Casting between two classes derived from the same base class

L

Lars-Erik Aabech

Hi!

I've got a small challenge with my class library. I've got an abstract base
class with some protected fields. It has two derived classes, and it should
be possible to cast these classes to each other. The variables to be
persisted are the ones from the base class.

It is possible to cast upwards, but I'm not allowed to cast downwards. The
only solution I found was to create explicit casting operators on each of
the derived classes. The first step is to cast the source object to the base
class, and then create a new instance of the target class based on the
fields of the base class. But since the fields are protected, I can't read
them. The solution as of now is to change the protected fields to internal
fields. It works, but now all classes in the assembly can see the fields,
and I don't want that. :p

Anyone got a better solution?

Lars-Erik
 
G

Guest

It is possible to cast upwards, but I'm not allowed to cast downwards.

that's correct. I think whenever you find yourself in a situation like
this, it's likely that your design is flawed.

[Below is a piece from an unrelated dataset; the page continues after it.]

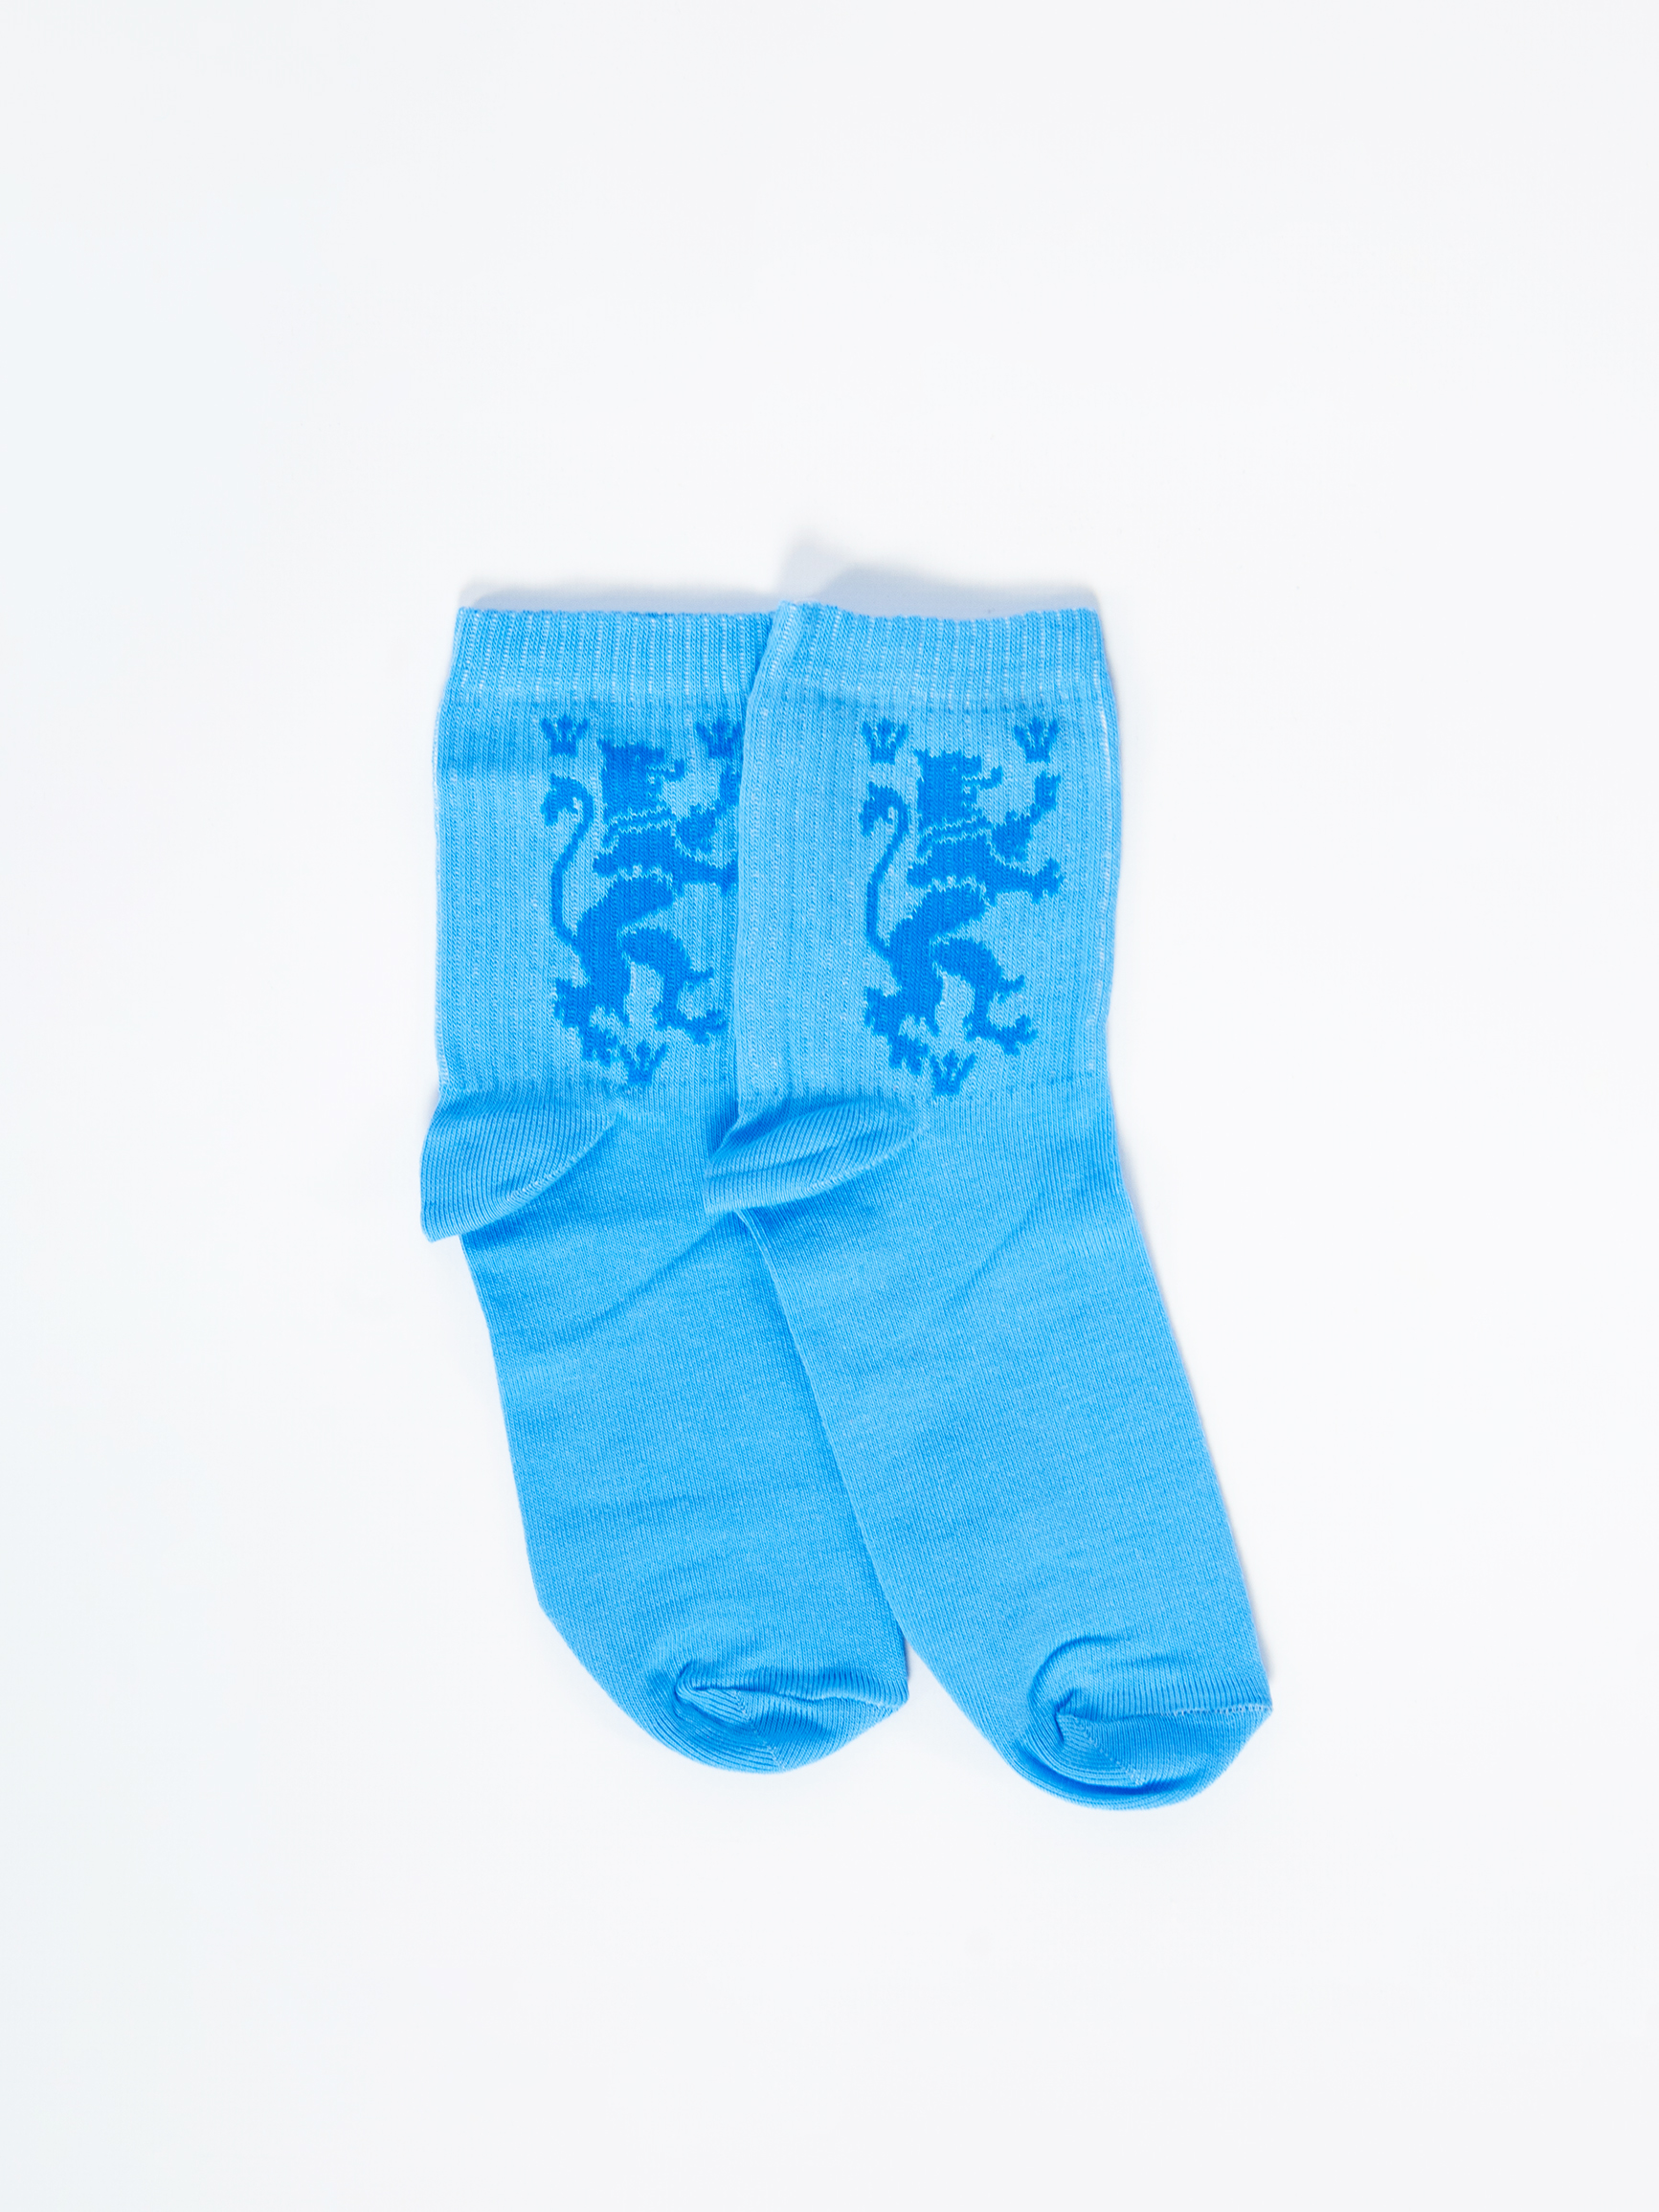 Шкарпетки Лев. Колір блакитний. 2.

but to do what you want, a copy constructor through inheritance will do the
trick

public class Base
{
protected int _i;

public Base()
{
}

public Base(Base clone)
{
this._i = clone._i;
}
}

public class Derived1 : Base
{
public void Set(int i)
{
this._i = i;
}
}

public class Derived2 : Base
{
public Derived2(Derived1 obj) : base(obj)
{
}

public int Get()
{
return this._i;
}
}

public class MyClass
{
public static void Main()
{
Derived1 obj1 = new Derived1();
obj1.Set( 100 );
Derived2 obj2 = new Derived2( obj1 );
Console.WriteLine( obj2.Get() );
}
}
 
C

Christoph Nahr

It is possible to cast upwards, but I'm not allowed to cast downwards.

Downcasting is only allowed to the actual type or one of its parents.
It can't be any other way since a "sibling type" can have totally
different fields, so an actual data conversion is needed which can't
be automated. Casts along the inheritance hierarchy never change
data, they merely give you different views on the same data.

You can do a copy constructor like Daniel suggested, though the more
"standard" way to do this is to create a static "FromFoo" method:

public class Bar {
public static Bar FromFoo(Foo foo) {
Bar bar = new Bar(...);
bar.SomeBarData = SomeConverter(foo.SomeFooData);
return bar;
}
}

That's assuming that Foo and Bar are your two sibling classes. No
chance to access Foo's protected fields from Bar, though -- unless you
opt to use reflection, which is slow and convoluted.